エレクトロニコス・ファンタスティコス!「本祭Ⅰ:家電雷鳴篇」出演者

初日の11月3日(金・祝)は、
「天翔けるその妄想を産み落とせ!」のテーマのもと、和田さんのほか
八谷和彦さん(メディアアーティスト)、鈴木康広さん(アーティスト)、
林 千晶さん(株式会社ロフトワーク代表取締役)といった
アーティストやモデレーターを召喚し、
「想像や妄想はどうしたらカタチにできるのか?」について語り合う
トークショーを開催予定。

11月4日(土)には、
藤 浩志さん(美術家)、土佐信道さん(〈明和電機〉アーティスト)、
津田大介さん(ジャーナリスト)、そして和田さんが
「蛙と魚と蟹と未来予想」のテーマでトークセッション予定。
藤さんにとっての「蛙」、土佐さんにとっての「魚」、
和田さんにとっての「蟹(蟹足)」というパーソナルなモチーフが、
どのようにメディウムとして機能し、たくさんの人を巻き込みながら
未来をつくる原動力になっていっているのか? について語り合います。

両日とも、家電楽器の体験演奏が可能。
訪れる際はぜひ、ボーダー柄の服を着て参加してみて。
その理由はまだ明かせませんが、自分自身が電子楽器の一部分になれるはず。

電磁盆踊り大会イメージ図(作画:和田 永)

そして11月5日(日)の最終日には、
楽器に変身したブラウン管テレビ、扇風機、エアコン、掃除機などを集めての
初の大合奏を披露予定。
参加アーティストは、向井秀徳さん(ミュージシャン)、快快 FAIFAI(劇団)、
市原えつこさん(メディア・アーティスト)、飛鷹全法さん(住職)etc……。
音楽、アート、パフォーミングアーツ、エンジニアリングが融合する
ニコスならではの夢の共演が実現します。

フィナーレを飾る「電磁盆踊り大会」では、
会場に設置した五角形の大型のやぐらを囲み、
家電による祭ばやしを人力で演奏し、来場者全員がひとつの音と化して踊り歌う、
奇想天外な祭りとなることでしょう。

Ars Electronic『扇風琴』(Photo by Mao Yamamoto)

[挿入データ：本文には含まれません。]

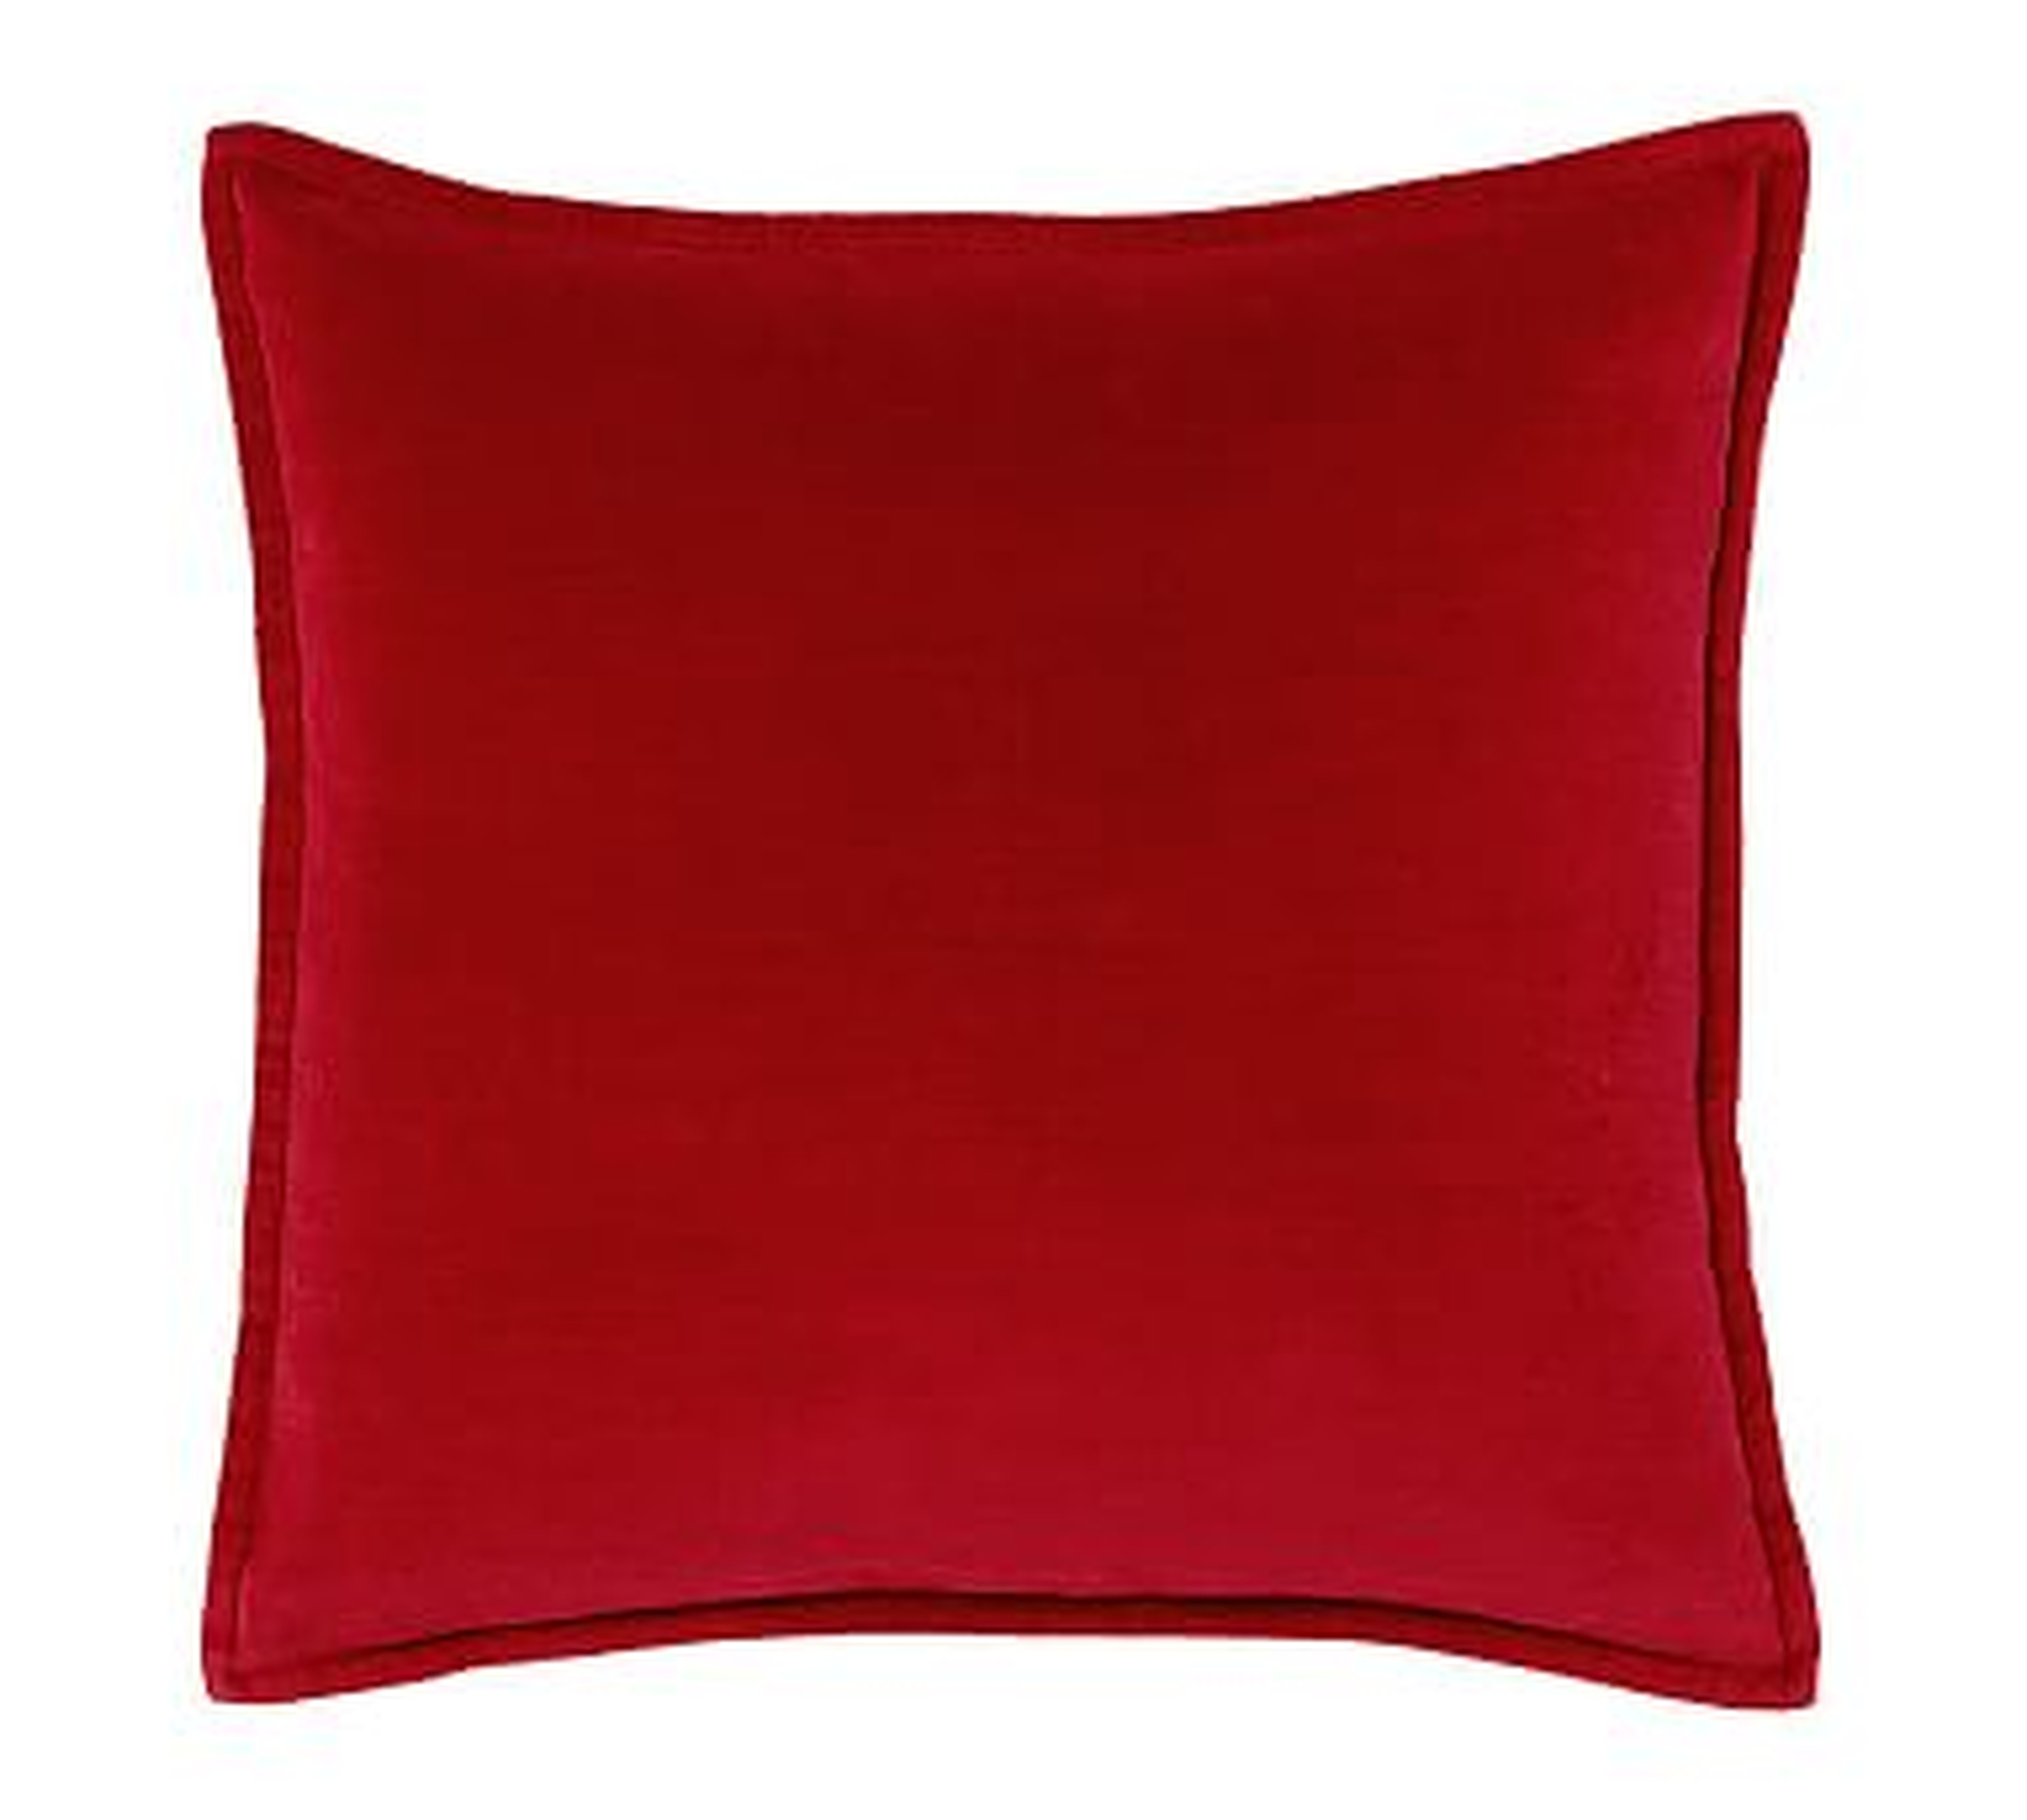 Washed Velvet Pillow Cover, 20", Cherry Red - Pottery Barn

地上アナログ放送の役割を終えた電波塔、東京タワーのふもとの会場で、
役割を終えた“はず”の「家電」が「楽器」となって蘇生し、
その呻き声ともいうべきサウンドを響かせるイベント。
老いも若きもが驚く、スペクタクルな3日間!
ぜひ“通電”しに訪れてみてはいかが?

information

map

和田永 エレクトロニコス・ファンタスティコス!
本祭Ⅰ:家電雷鳴篇

家電楽器体験!トークイベント!電磁盆踊りリハーサル!

開催日時:2017年11月3日(金・祝)14:00~20:00(トークイベントは18:00~20:00)

2017年11月4日(土)11:00~17:00(トークイベントは13:00~15:00)

会場:スターライズタワー STUDIO JUPITER(東京都港区芝公園4-4-7 東京タワーメディアセンター内)

入場料:無料(ドリンク代別)申込不要

体験型コンサート!電磁盆踊り大会!

開催日時:2017年11月5日(日)17:30開場 18:30開演

会場:スターライズタワー STUDIO EARTH(東京都港区芝公園4-4-7 東京タワーメディアセンター内)

入場料:3000円(全席自由、ドリンク代別、小学生以下無料)再入場不可

Webエレクトロニコス・ファンタスティコス!

開発中の楽器をチェック!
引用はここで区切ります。